Write out, word for word, only the lines from the one with "El cartel que" to the end of the data below.

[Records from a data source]
------------------------------------
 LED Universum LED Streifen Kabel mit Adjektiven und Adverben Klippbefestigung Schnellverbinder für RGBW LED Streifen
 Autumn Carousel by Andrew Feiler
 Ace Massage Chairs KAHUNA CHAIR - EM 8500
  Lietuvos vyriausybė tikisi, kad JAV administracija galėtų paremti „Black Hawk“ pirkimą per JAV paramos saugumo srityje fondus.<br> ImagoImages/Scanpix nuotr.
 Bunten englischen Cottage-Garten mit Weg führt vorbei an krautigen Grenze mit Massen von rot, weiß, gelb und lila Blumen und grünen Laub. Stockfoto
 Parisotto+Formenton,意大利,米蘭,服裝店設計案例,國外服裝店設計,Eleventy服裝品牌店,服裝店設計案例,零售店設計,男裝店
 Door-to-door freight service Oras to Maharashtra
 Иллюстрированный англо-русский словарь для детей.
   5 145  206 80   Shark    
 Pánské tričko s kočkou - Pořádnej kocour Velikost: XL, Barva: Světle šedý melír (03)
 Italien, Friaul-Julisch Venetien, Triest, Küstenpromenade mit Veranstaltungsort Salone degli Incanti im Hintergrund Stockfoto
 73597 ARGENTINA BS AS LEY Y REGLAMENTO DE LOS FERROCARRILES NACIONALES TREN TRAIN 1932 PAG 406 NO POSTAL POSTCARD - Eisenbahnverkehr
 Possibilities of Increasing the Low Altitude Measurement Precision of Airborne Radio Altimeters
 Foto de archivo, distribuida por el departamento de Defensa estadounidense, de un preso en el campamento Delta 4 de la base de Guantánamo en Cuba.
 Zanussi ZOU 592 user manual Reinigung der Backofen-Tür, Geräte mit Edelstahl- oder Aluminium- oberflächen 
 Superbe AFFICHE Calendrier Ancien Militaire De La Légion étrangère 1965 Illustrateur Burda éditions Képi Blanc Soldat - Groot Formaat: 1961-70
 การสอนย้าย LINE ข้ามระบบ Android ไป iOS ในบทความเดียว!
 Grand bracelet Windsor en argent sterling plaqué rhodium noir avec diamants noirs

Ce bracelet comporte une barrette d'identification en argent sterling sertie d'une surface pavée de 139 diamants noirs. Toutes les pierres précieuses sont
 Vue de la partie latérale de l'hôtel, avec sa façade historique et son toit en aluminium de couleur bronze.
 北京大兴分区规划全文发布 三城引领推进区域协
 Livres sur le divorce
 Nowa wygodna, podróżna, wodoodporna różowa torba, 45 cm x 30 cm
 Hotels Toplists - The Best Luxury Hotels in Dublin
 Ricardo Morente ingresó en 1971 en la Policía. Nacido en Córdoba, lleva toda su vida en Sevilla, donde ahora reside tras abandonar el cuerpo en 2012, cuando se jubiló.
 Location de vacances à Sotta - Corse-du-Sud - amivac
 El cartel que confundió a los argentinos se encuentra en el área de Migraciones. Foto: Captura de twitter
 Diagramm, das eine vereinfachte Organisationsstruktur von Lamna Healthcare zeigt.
------------------------------------
__Your solution__.
 El cartel que confundió a los argentinos se encuentra en el área de Migraciones. Foto: Captura de twitter
 Diagramm, das eine vereinfachte Organisationsstruktur von Lamna Healthcare zeigt.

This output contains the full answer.